- [What is needed] When checking the entries below, count every line with the word "them", then give only that number.

- [Data excerpts]
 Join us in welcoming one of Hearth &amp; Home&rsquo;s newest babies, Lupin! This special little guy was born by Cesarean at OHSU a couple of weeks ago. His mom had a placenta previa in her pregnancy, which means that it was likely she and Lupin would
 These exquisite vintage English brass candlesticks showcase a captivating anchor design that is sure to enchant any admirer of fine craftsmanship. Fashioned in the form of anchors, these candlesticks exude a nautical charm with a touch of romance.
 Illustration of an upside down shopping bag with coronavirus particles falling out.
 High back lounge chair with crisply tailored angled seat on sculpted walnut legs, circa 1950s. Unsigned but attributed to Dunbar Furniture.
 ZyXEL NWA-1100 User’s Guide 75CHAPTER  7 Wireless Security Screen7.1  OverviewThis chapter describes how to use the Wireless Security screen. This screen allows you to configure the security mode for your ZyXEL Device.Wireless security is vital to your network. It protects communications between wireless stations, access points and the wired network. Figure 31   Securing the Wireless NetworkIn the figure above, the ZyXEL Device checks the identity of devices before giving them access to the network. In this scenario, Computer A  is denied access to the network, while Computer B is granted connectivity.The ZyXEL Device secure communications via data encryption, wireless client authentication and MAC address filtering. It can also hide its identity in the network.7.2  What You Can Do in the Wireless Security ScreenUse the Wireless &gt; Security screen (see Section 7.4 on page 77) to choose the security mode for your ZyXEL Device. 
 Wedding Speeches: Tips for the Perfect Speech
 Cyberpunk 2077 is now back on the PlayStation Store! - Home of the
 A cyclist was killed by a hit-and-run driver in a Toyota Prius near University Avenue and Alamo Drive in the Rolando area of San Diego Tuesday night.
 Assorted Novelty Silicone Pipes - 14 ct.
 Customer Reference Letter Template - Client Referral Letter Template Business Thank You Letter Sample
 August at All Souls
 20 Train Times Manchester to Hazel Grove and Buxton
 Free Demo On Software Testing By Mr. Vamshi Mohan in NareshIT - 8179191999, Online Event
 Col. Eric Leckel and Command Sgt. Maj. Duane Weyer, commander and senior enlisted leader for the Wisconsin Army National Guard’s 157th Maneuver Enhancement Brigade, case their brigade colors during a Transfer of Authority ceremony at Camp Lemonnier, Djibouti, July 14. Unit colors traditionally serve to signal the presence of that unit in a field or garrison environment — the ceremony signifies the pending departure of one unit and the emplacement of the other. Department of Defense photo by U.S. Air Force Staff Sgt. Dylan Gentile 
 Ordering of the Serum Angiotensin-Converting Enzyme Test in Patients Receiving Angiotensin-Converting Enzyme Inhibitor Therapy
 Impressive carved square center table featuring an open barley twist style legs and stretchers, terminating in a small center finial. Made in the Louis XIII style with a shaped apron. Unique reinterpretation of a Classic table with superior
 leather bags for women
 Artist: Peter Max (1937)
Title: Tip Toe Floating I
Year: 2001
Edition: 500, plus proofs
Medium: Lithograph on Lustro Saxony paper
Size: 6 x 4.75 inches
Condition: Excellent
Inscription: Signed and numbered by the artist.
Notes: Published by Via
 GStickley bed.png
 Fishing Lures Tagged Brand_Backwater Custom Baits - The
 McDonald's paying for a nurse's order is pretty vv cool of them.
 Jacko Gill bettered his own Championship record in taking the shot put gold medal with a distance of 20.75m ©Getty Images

- [Exercise response] 2